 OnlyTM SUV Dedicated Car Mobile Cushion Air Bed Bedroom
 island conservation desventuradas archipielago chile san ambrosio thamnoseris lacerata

==

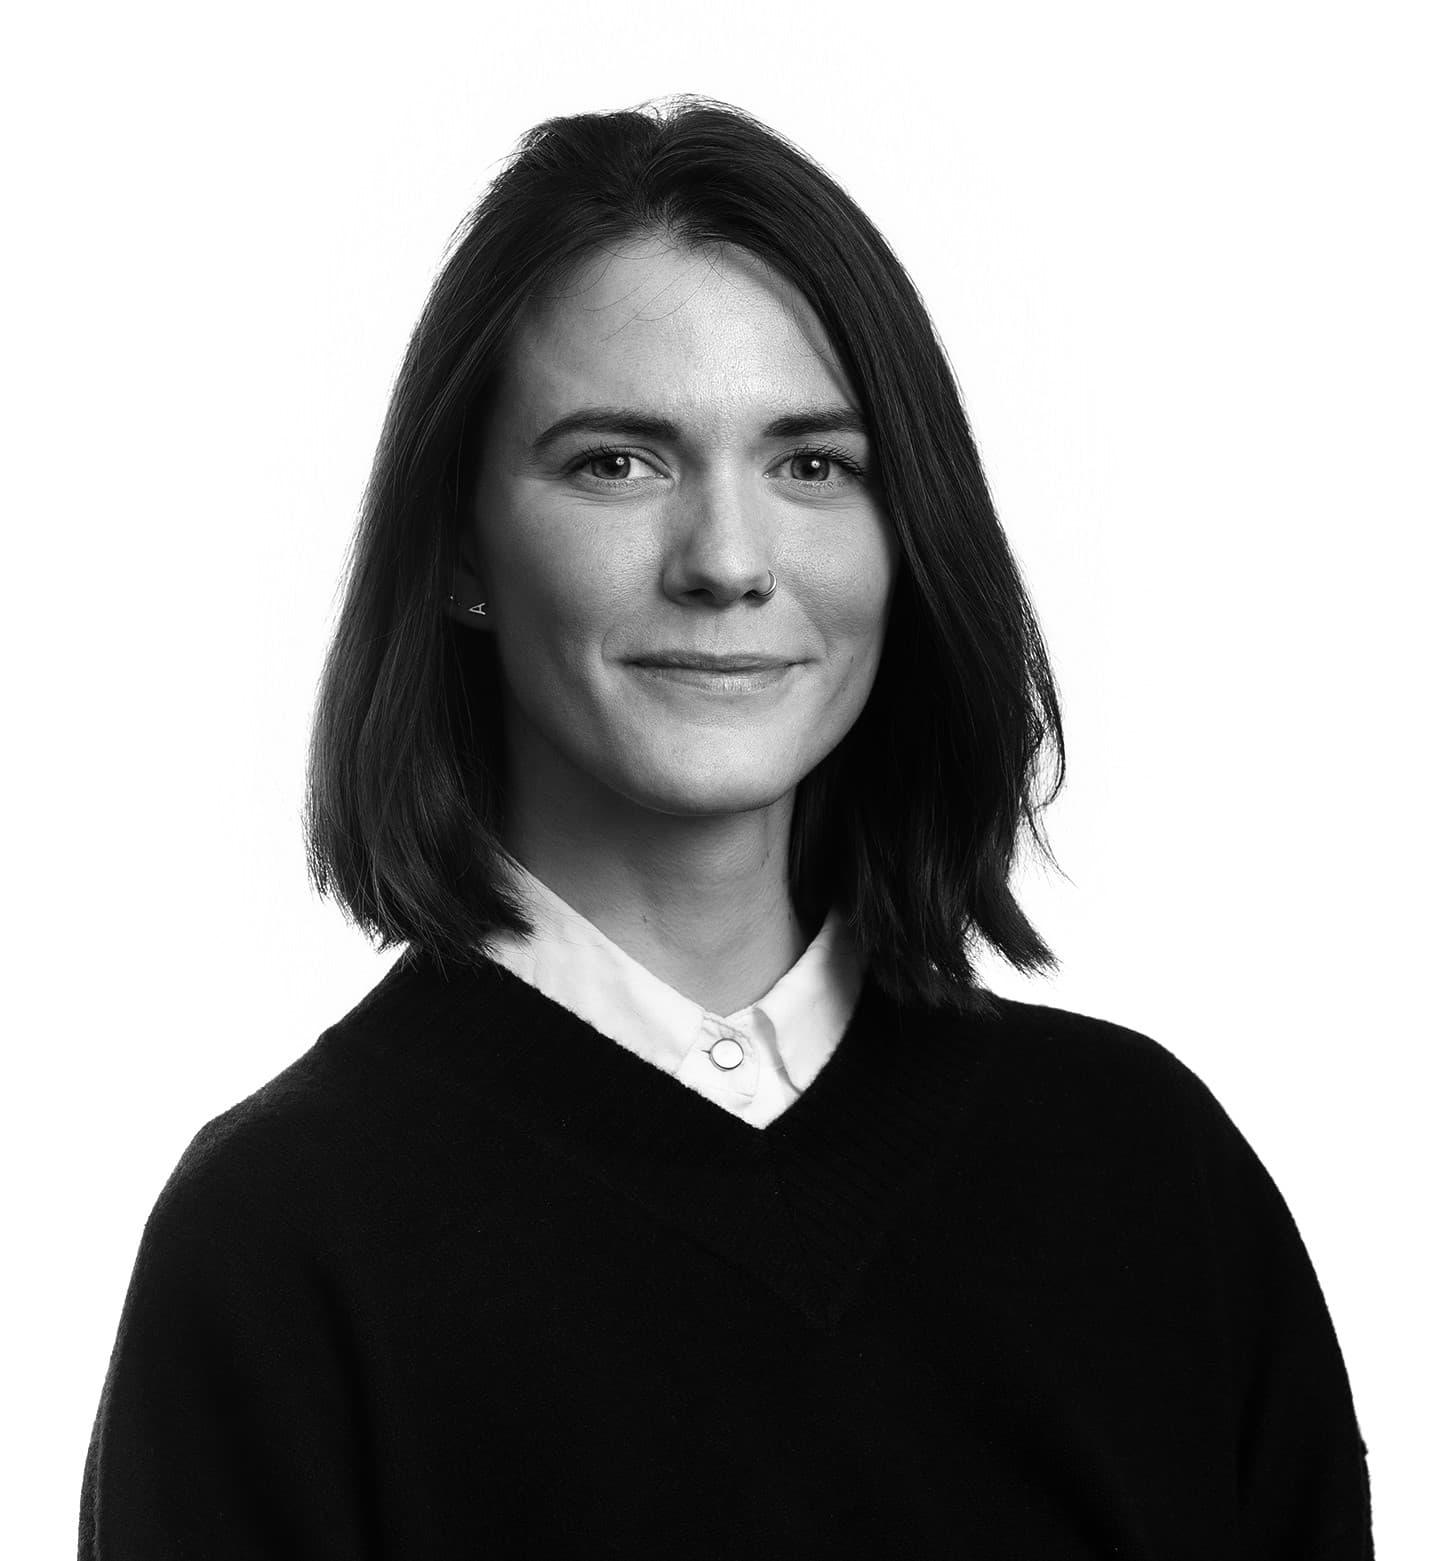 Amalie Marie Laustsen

• [Exercise goal] Give back exactly the lines above starting at the line where "OnlyTM SUV Dedicated" appears and ending at the line where "island conservation desventuradas" appears, both included, with no other lines.

• [Result for this task]
 OnlyTM SUV Dedicated Car Mobile Cushion Air Bed Bedroom
 island conservation desventuradas archipielago chile san ambrosio thamnoseris lacerata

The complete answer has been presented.